Mr. Gayle thinks often of the 3-year-old son he left
behind when he fled Cuba. His son later joined the Cuban army and fought
in Angola when Mr. Castro intervened to support the leftist government
there.
“If Cuba is free and I die here, bury me over there,” Mr. Gayle said. “As long as Cuba isn’t free, bury me here.”
The Naval cemetery is set amid underground ammunition bunkers. Among
the hundreds of white-marble gravestones are 21 with the words “Cuban
Exile” engraved beneath the names.
The U.S. continues to write
the Cuban government an annual rent check of $4,085 for use of the base,
a figure set in 1934. Each year, Havana signals its disapproval of the
U.S. presence by refusing to cash it.
At one point in the 1960s,
the Castro regime planted a wall of prickly plants to stop Cubans from
seeking refuge on the base. The Americans dubbed it the Cactus Curtain.
In
1964, the Castro regime cut off water and power to the base. In
response, President
Lyndon B. Johnson
dismissed most of the Cubans who commuted onto the facility. By
that time, hundreds of Cubans—opponents of the Castro government—had
already secured the Navy’s permission to live on the base indefinitely.
By
1987, the number of Cuban exiles on the base had dropped to 80. Today,
there are 28 special category residents, including five Jamaicans who
had won the status through marriage to exiled Cubans.
Capt.
Nettleton estimates the Navy spends about $200,000 a year on salaries
for civilian aides who assist the elderly Cubans. The Navy said it had
no estimate of the cost of providing housing, utilities, medical care
and other services for the exiles.
Gloria Martinez, an 81-year-old cancer survivor, said she has
stayed on the base in part because of the promise of lifetime care. Her
late husband was a Cuban army sergeant in the 1950s who fought against
insurgents led by
Raúl Castro,
Fidel Castro’s brother and now Cuba’s president.
In 1959,
Ms. Martinez’s husband, Eduardo Martinez, got a job helping build the
base bowling alley. Each night he returned to the Cuban side of the
fence.
As the Castro regime cracked down on opponents, the
couple’s house was repeatedly searched, Ms. Martinez recalled. She kept
two hand grenades hidden in the house and said she had planned to use
them if her husband ever faced a firing squad.
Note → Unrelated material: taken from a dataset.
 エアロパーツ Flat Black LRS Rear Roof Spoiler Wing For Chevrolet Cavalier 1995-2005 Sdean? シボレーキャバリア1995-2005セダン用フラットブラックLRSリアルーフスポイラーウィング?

She sealed her husband’s
army medals in a jar and buried them under the patio.
“I told my husband they were looking for him, and he was never to come back to our home,” Ms. Martinez said.
One
day in 1961, Mr. Martinez went to work on the base—and stayed. Ms.
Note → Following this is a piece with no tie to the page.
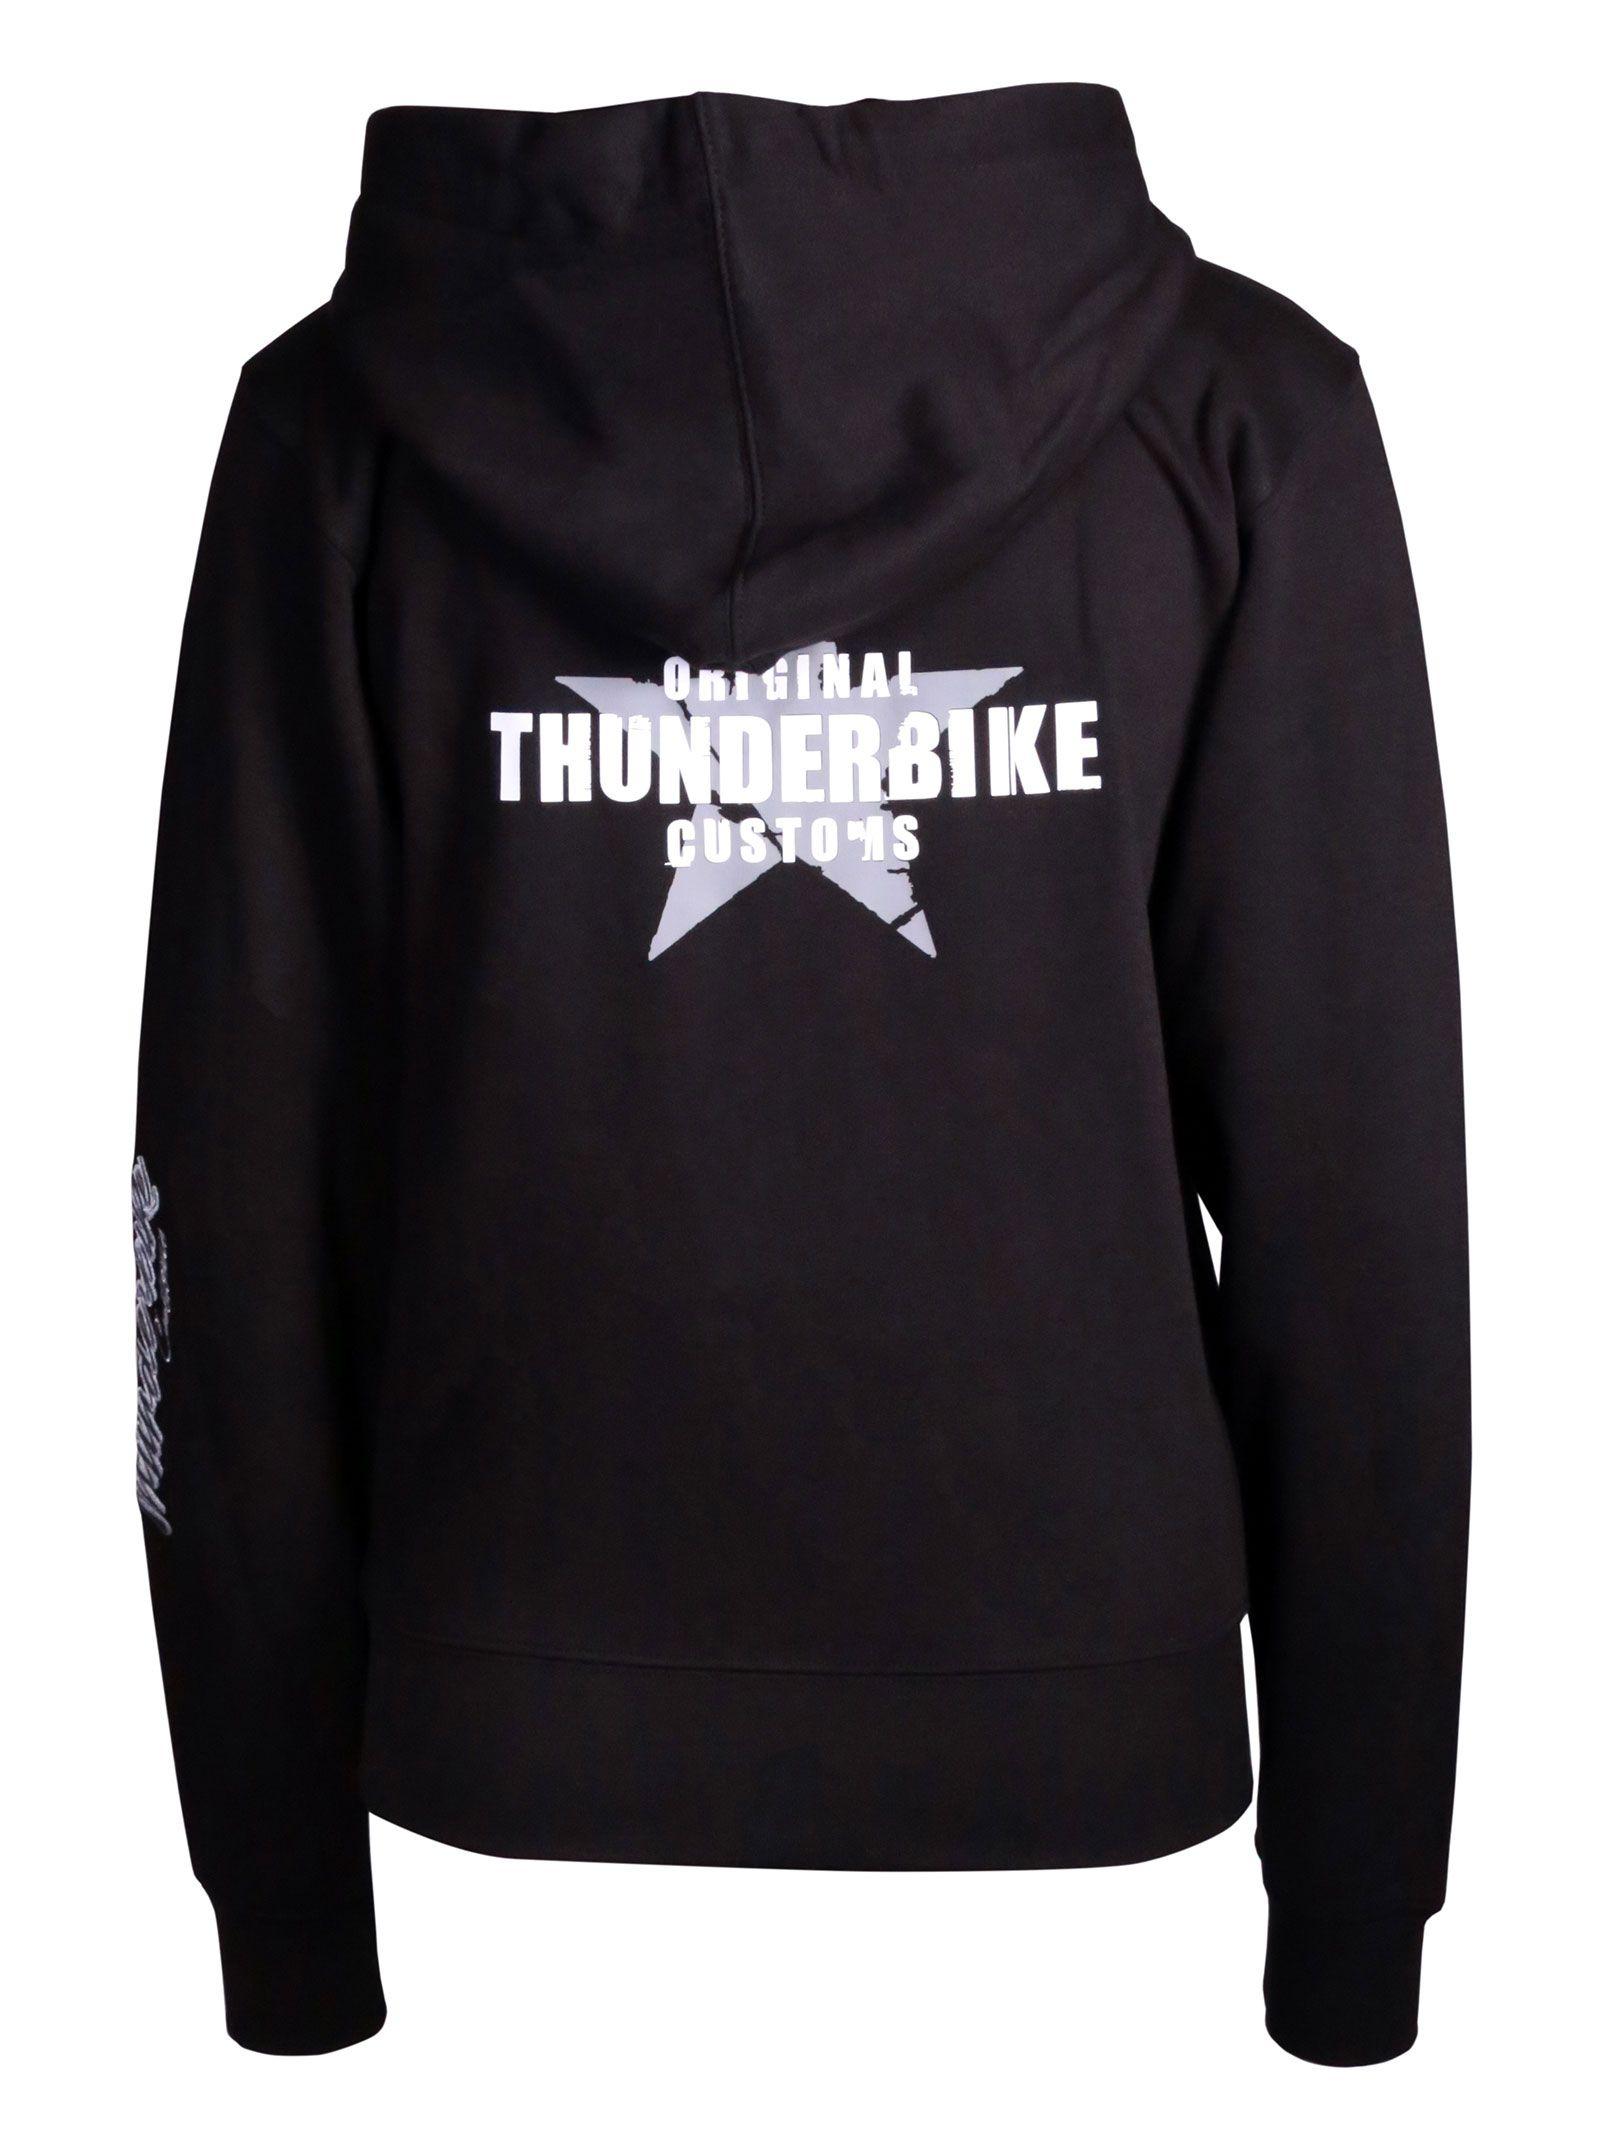 Custom zip hoodie

Martinez remained behind for a short time before making her own move.
She glued her photo onto someone else’s ID card and headed to the base,
repeating her fake name to herself: Jorgelina, Jorgelina. Jorgelina.
At a checkpoint, she recalled, the Cuban guard asked her name. Her
mind went blank and she held up the ID card. “Ah, Jorgelina,” the guard
said.
That was the last time she set foot on the Cuban side, she said. On the base she worked giving haircuts to Marines.
Their
two children, now in their 40s and living in the U.S., were born on the
base. Her husband died in 1988. When she fell ill with kidney cancer
the following year, she was treated at a U.S. military hospital in
Washington, D.C.
At the time, she worried if she moved to the
U.S. she would lose her subsidized health care. Mostly, she said, she
doesn’t want to leave Cuba, whose mountains are visible from her window.
She has sisters living in Guantanamo City, an hour’s drive from her
house, if such a drive were ever permitted.
“I’m close to my family here,” she said, “even though I don’t see them.”